Sentaretskaya was quickly sent to the Kremlin hospital, where she was given the necessary medical help and where she was subject to a thorough examination. Professor M. O. Averbakh, Privatdozent M. Iu. Rappoport, Deputy Head of the Kremlin Hospital B. E. Kogen and Doctor of Neuropathology E. V. Tepper conducted the examination and concluded that the sudden blindness was caused by hysterical episode and that there were no symptoms whatsoever of inborn illness of the ocular system and optic nerve [that could be given] as an explanation for the sudden development of blindness.
The Scientific Research Institute of Sanitation and the 13th Department of the Communist Hospital of the RKKA (Workers’ Peasants’ Red Army), where we went for confirmation of this conclusion, confirmed it and established that the sudden blindness could not have been the cause of an unknown chemical substance.
At the present moment, Sentaretskaya’s sight has gradually returned and is already close to normal.
Because the paper that the substance was wrapped in was thrown in the toilet, we only subjected the remaining envelope to a complete examination. The examination was conducted by Cde. Udris, the Captain of the 1st Department of the Scientific Research Chemical Institute of the RKKA, who spotted on the envelope the trace of some kind of poisonous substance.

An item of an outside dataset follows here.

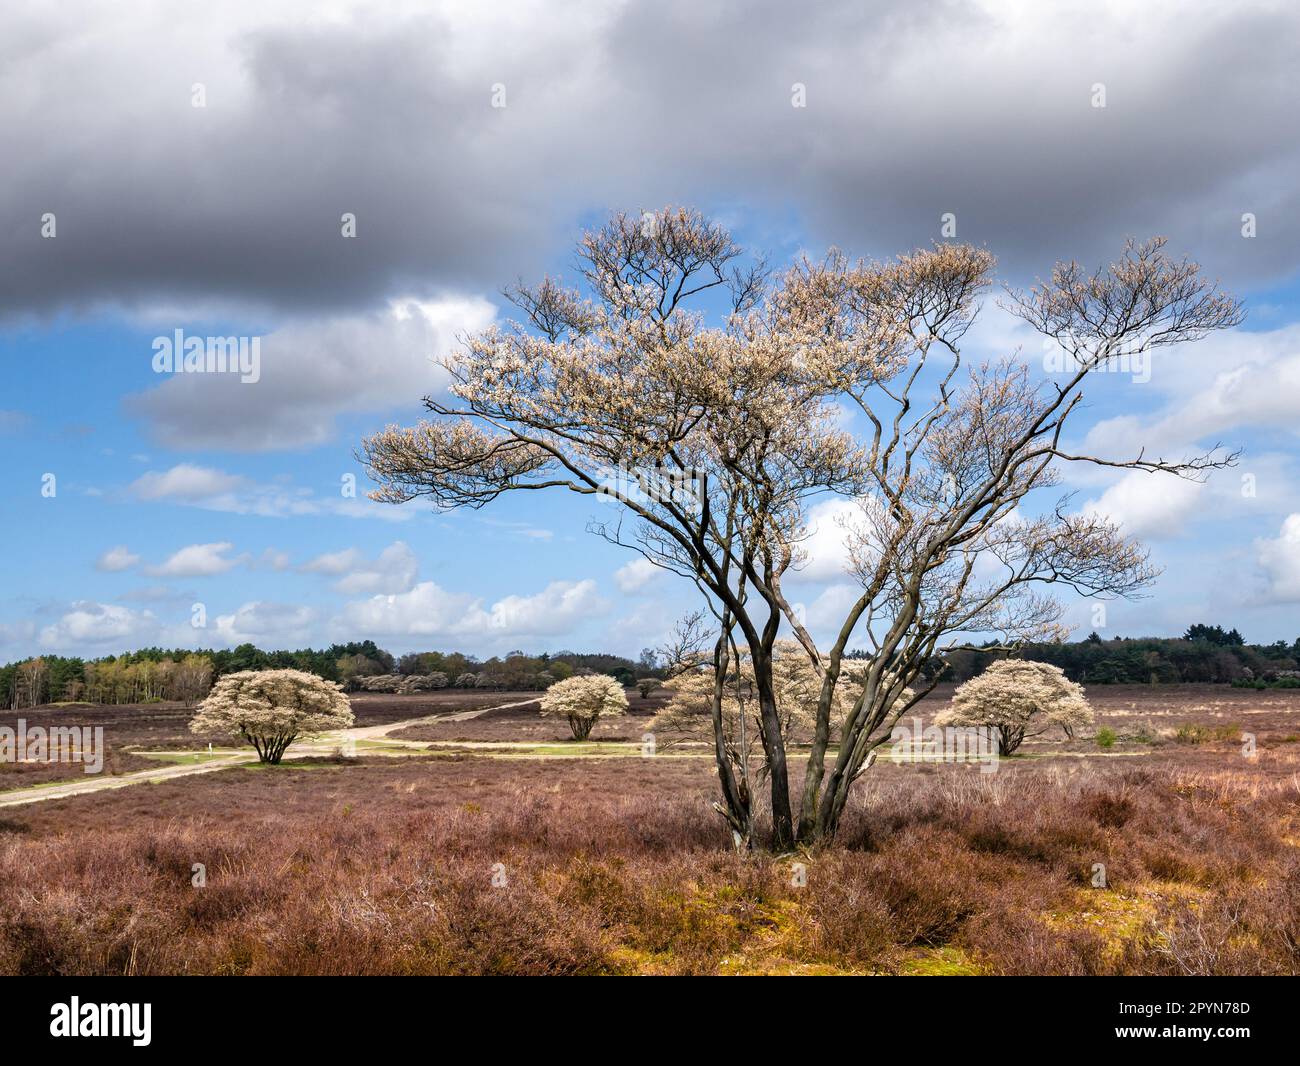 Juneberry or snowy mespilus trees, Amelanchier lamarkii, blooming in spring in nature reserve Zuiderheide, Het Gooi, North Holland, Netherlands Stock Photo

Further investigation, which the Special Department will conduct, will be difficult because the postal stamp [showing] the point of origin is erased and it is difficult to establish from which town it originated.
Volovich
Deputy Captain Operations of the GUGB NKVD (Main Department of State Security, People’s Commissariat of Internal Affairs.)
27 October 1935
This document was published in Istochnik, 3, 1993.